2. 800 A or larger frame MCCB's. IEEE Standard 493 data shows a 300% increase in failure rates. So it deviates from the expected failure rates for breakers in general.
3. It shows up as the OCPD on an arc flash study and controls the opening time in the event of an arc flash. This makes it critical equipment from a life/safety point of view. As a secondary effort we may want to look at tripping of the next upstream device (basically eliminate the breaker under question) and see what happens...the practical impact may be the same (PPE level doesn't change) in which case we can say that protection is sufficient (doubly protected) so with frequency of failure so low, no need to test. Or we may just eat it or find that we need to test in general and live with the result. This means that quite often MCC main breakers or breakers feeding MCC's (particularly with main lug only) would need to be tested with some frequency to ensure correct operation.
4. It's the main breaker in a high resistance system with ground fault protection.

Your cleaning example as a PM (as opposed to PdM) is a good one. This is an example of a variable-length PM frequency though. It depends on where it's at. Say you have a customer with a coal loadout facility (like I do). That equipment can get pretty filthy in a year's time. This is as opposed to a lot of power plants with great ventilation and filtering where after 10 years plus it still passes the "white glove" test.

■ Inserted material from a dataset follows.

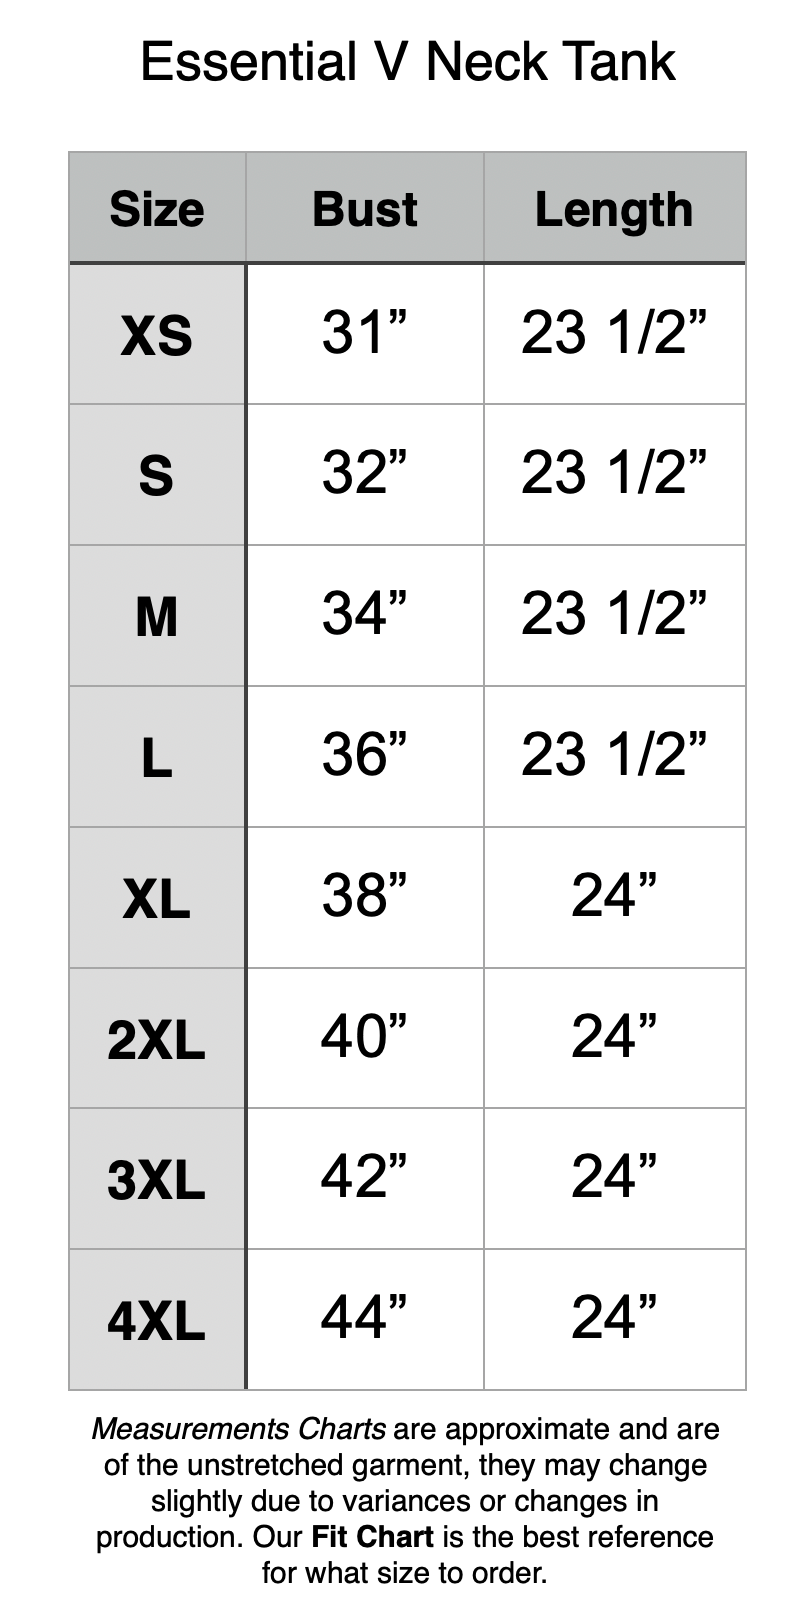 Essential V Neck Tank: XS: 31” Bust, 23.5” Length. S: 32” Bust, 23.5” Length. M: 34” Bust, 23.5” Length. L: 36” Bust, 23.5” Length. XL: 38” Bust, 24” Length. 2XL: 40” Bust, 24” Length. 3XL: 42” Bust, 24” Length. 4XL: 44” Bust, 24” Length.

Same thing can be said but is on more of a fixed schedule for lubricating open frame breakers. Most of them use Mobil 28 where the oils in the grease tend to evaporate, requiring periodic relubrication and most manufacturers specify every 3 years. Newer ones are starting to use Molykote 3451 which has at least an 8-10 year operating life according to third party (Dobles) testing.

Either way, the key thing is if it is critical equipment or potentially critical or not. If it's not, then we run to failure. If it is, then if there is a cost effective and proven predictive or preventative maintenance actiivity, we do that. For example do you change your oil in your car/truck? If you don't, it quickly fails. That's preventative maintenance at it's finest. Second do you check air pressure in your tires routinely? If you don't it can be come a serious safety problem and/or lead to lowered efficiency. So it's kind of a middle of the road sort of thing. Now, do you check the coolant pressure in your car/truck air conditioning system? Almost nobody does. That's an example of a noncritical system. The result of a failure, even if you live in the South, is really more of an inconvenience. You can always roll down the windows. But a lot of car/truck owner's manuals specifically say to check this on some particular maintenance frequency. If the coolant level gets low all you do is top it off and/or eventually start looking at replacing lines, seals, and pumps if it gets to the point where the leak is an issue. But basically the normal practice is to run to failure on air conditioning.

So I'm not advocating for not doing maintenance at all...far from it. What I'm advocating for is that the mainteannce standards are just that and are focussed on reliability while a standard that applies to safety would have a slightly different and much more restricted scope of focussing on the portion of the reliability standard that addresses safety. A great example is the difference between a "failure to trip" and a "trips too soon" failure with a circuit breaker. From a reliability point of view, both are bad. From a safety point of view, tripping too soon is harmless but failure to trip is basically the ultimate hidden failure issue.